Um “carro tocado a fogo”: primeiro automóvel comprado por um vimaranense
Na interessante tese de doutoramento de José Barros Rodrigues intitulada “A implantação do automóvel em Portugal (1895-1910)” encontra-se uma informação que, segundo creio, não é conhecida em Guimarães: o primeiro vimaranense a possuir um automóvel foi Domingos Francisco Guimarães (1875 – 1940).
De acordo com a referida tese, o bólide, um Boyer, foi comprado em 1898 (a bordo de um barco) por Domingos Francisco Guimarães a um comerciante francês. Foi o 17º carro a entrar em Portugal. Após o desembarque em Leixões, o automóvel foi trazido pelo seu novo proprietário para a sua casa em São Martinho do Conde, onde, como seria de esperar, a novidade causou de imediato furor e cepticismo.
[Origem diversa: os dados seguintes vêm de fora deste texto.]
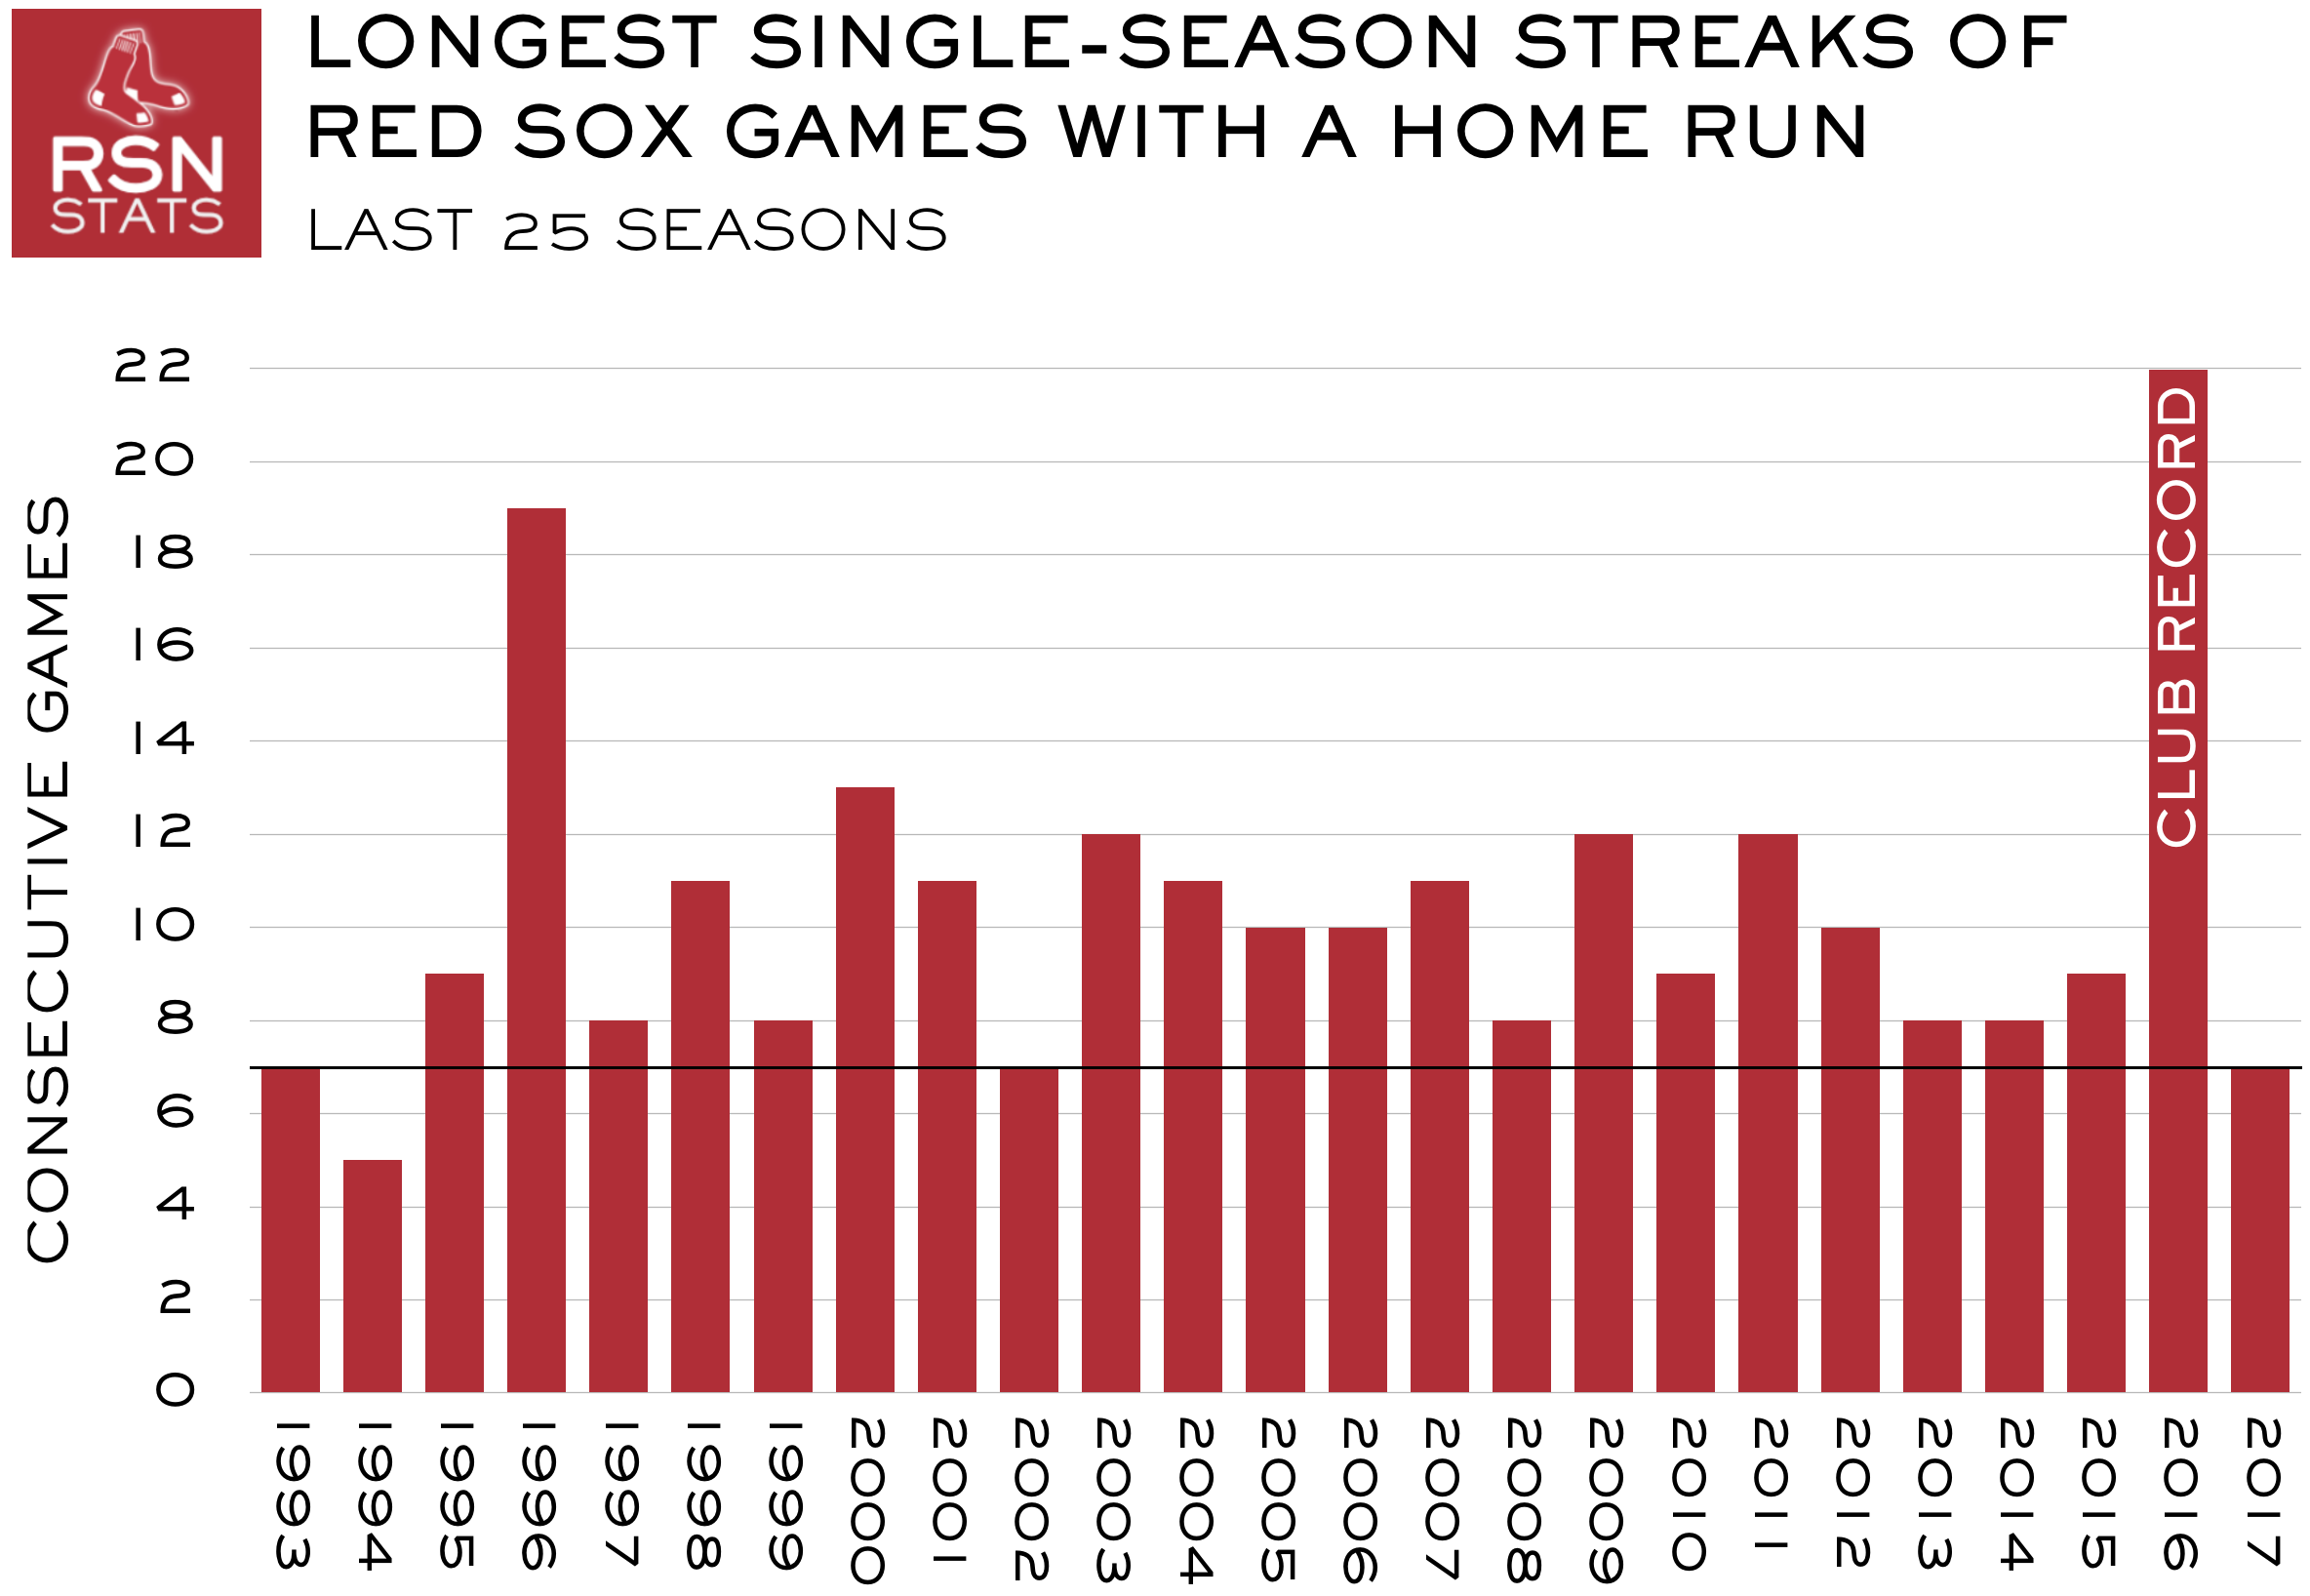 Red Sox Longest HR Streaks, Last 25 Seasons

Barros Rodrigues cita um relato de António Dias Costa, então aluno na Escola Primária de Conde (e que mais tarde viria a comprar o automóvel), onde se percebe bem o impacto da novidade: “ (…) Com a idade de oito anos, fui eu para a escola primária de São Martinho do Conde. (…) Por ali só passavam carros de bois e raríssimas diligências. Um dia, porém, o sossego da rapaziada e até do professor, foi perturbado pelo matraquear de qualquer coisa estranha à nossa compreensão que assustadoramente parecia vir ao nosso encontro. Como impulsionados por uma mola, o rapazio e o professor saíram de roldão, ficando todos extasiados ao verificarem que um bólide passava diante da escola para se deter a poucos metros de distância. (…) O mestre explicou-nos que aquilo se tratava de um “carro tocado a fogo” cuja descrição já ele tinha lido em tempos mas que, segundo a sua opinião, não representava mais que uma curiosa fantasia sem alguma utilidade prática”.
Sobre o dono do Boyer, Domingos Francisco Guimarães, até agora pouco conseguimos apurar. Nasceu em Creixomil em 1875. Do pouco que sabemos da sua biografia é legitimo presumir que terá ido cedo para o Brasil onde fez ou herdou uma considerável fortuna. Quando se fixou em Portugal foi viver para S. Martinho de Conde tendo sido um benemérito daquela freguesia (financiou as obras de reconstrução da escola primária, mandou edificar o cemitério paroquial e colaborou noutras obras de grande utilidade para aquela comunidade).
Em 1916, em Urgezes, é interceptado por um fiscal dos Impostos Municipais e multado por “não ter licença para o seu automóvel nº 452-N apesar de ter sido avisado diversas vezes para a tirar”. Em Junho de 1940, quando se dirigia como era seu hábito para a Feira de Vizela, “foi acometido de doença repentina, em plena estrada”, tendo morrido de imediato. Na notícia do seu óbito (publicada no “Notícias de Guimarães” de 16/06/1940) é apenas identificado como “importante proprietário e capitalista” não sendo partilhada mais nenhuma nota biográfica.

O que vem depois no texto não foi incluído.